The late Dr. F. Douglas Dillard, Jr. preached about the hope we are called to proclaim with these words:
“To hope is not to ignore the future and say it is not ours to fashion. Hope is the art of learning to rest our anxieties in the love and adequacy of God . . .The longer I live, the more I feel that no discouraging situation into which we sail is pure disaster with nothing that can be done about it. We do not deny the pain; we throw out the anchor of hope and go to work to become aware of the possibilities of redemption.
- 30-31, Journeying With God, Dr. F. Douglas Dillard, Jr.

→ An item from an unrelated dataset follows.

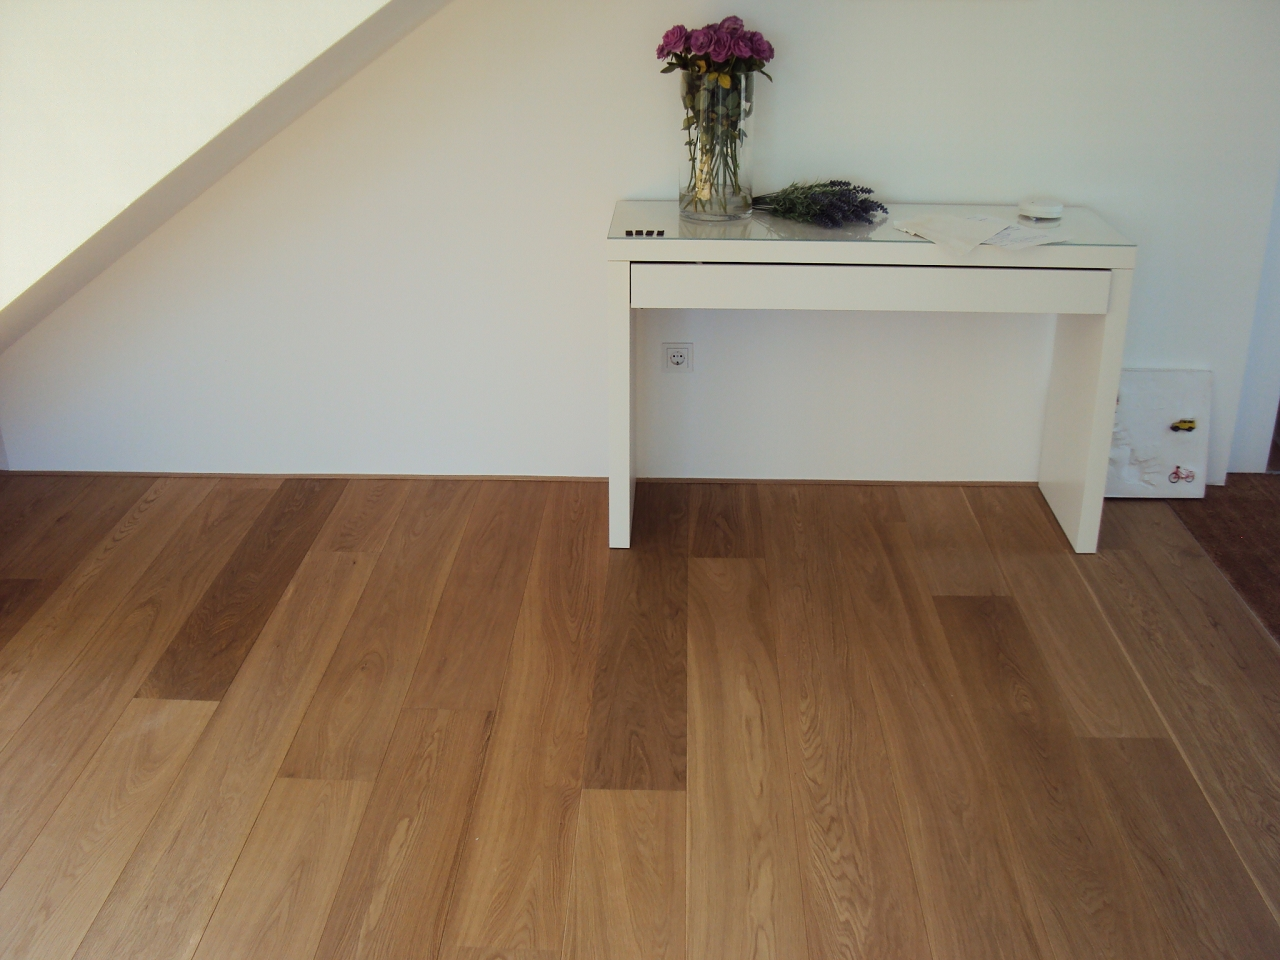 parkett wal parkett und fussbodentechnik. Black Bedroom Furniture Sets. Home Design Ideas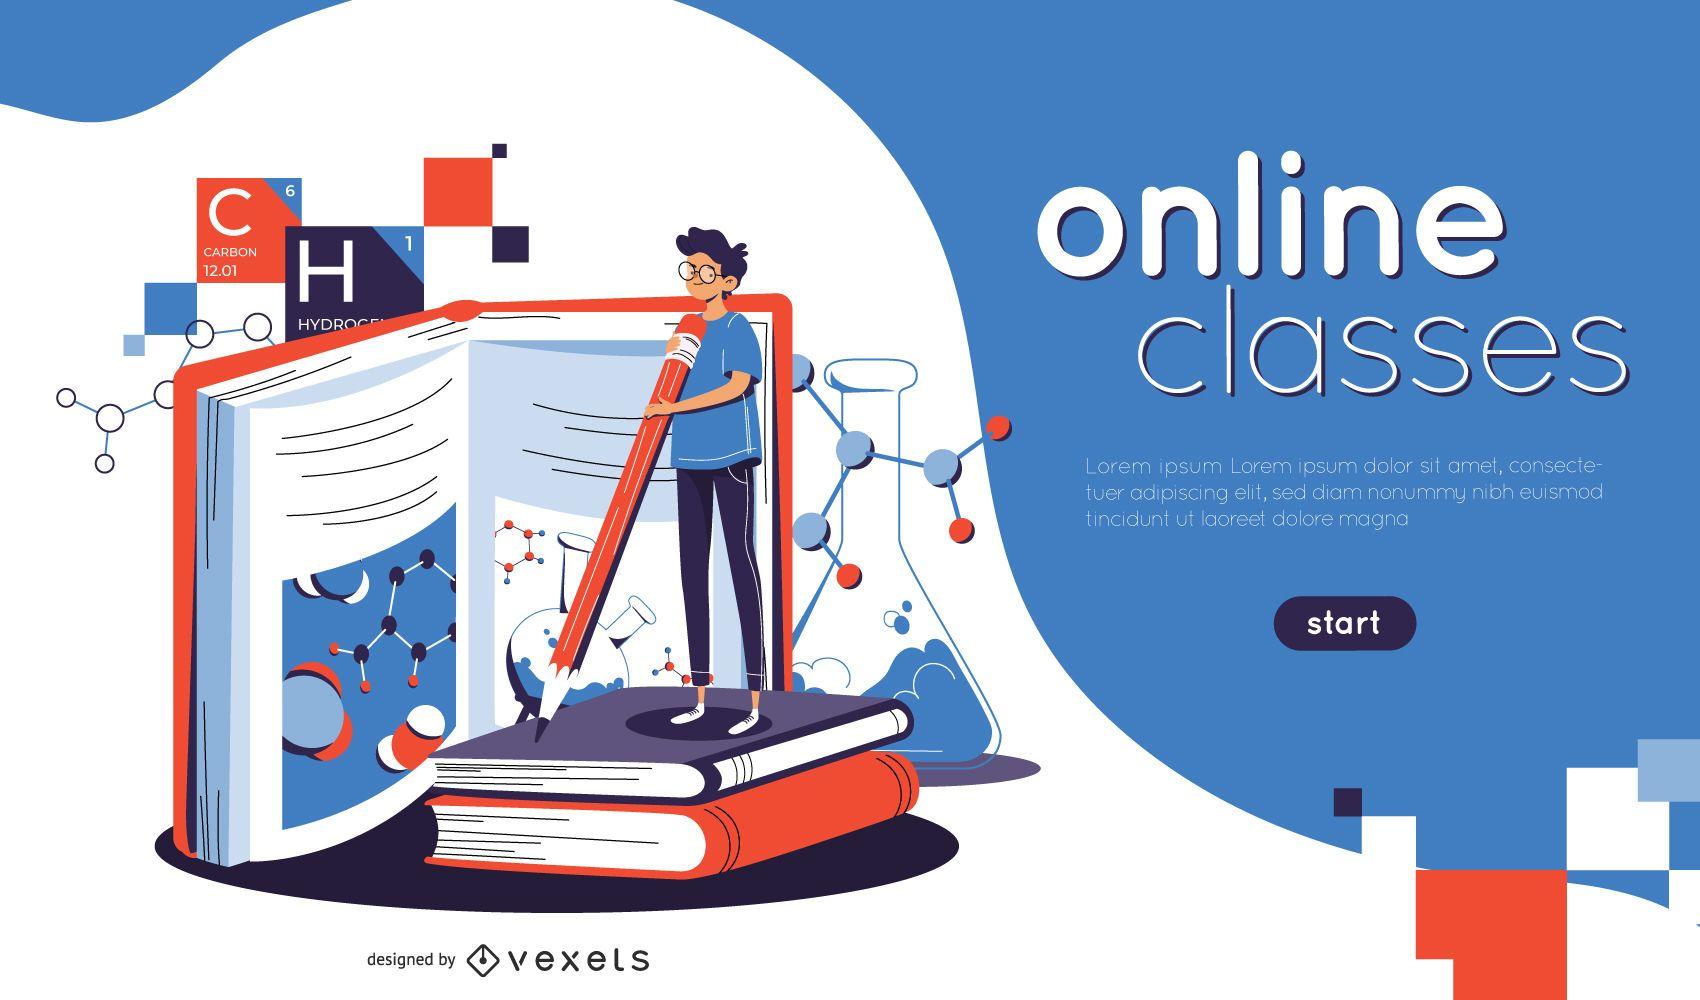 Control deslizante web de ilustraci?n de clases en l?nea

Proclaimers of hope. Moving forward with life and faith even when we encounter challenges that seem to lead us to dead-end streets.
See if you can guess the name of this person who lived by the calling of hope as he professed faith in Jesus Christ. When he was seven-years-old, his family was forced out of their home because of a legal technicality. He had to work as a child to help support them. Ag age nine, while still a backward, shy little boy, his mother died. At twenty-two, he lost his job as a store clerk. He wanted to go to law school, but his education was not good enough. At twenty-three, he went into debt to become a partner in a small store. Three years later his business partner died, leaving him a huge debt that took years to repay. At twenty-eight, after developing a romantic relationship with a young woman for four years, he asked her to marry him. She said no. An earlier youthful love he shared with a lovely girl ended in heartache with her death.
At thirty-seven, on his third try, he was finally elected to Congress. Two years later, he ran again and failed to be re-elected. At about this time he had what some today would call a nervous breakdown. At forty-one, adding additional heartache to an already unhappy marriage, his four-year-old son died. The next year he was rejected for Land Officer. At forty-five, he ran for the Senate and lost. Two years later, he was defeated for nomination for Vice President.
At forty-nine, he ran for the Senate again … and lost again. At fifty-one, however, he was elected the 16th President of the United States in a time of national upheaval that resulted in a civil war. His name was Abraham Lincoln.
Growing Strong in the Seasons of Life, Charles Swindoll
At his second Inaugural Address, Abraham Lincoln shared the following proclamation of hope that is inscribed on a wall of the Lincoln Memorial in Washington, D. C.
“With malice toward none; with charity for all; with firmness in the right, as God gives us to see the right, let us strive on to finish the work we are in; to bind up the nation’s wounds.”
We find ourselves in a time when our nation’s wounds need to be bound up. We find ourselves in a time when our world’s wounds need to be bound up. We find ourselves in a time when we are being called to proclaim the hope to which God has called us. May God bless us as we live our calling to be proclaimers of hope in the name of the Father, the Son, and the Holy Spirit. Amen.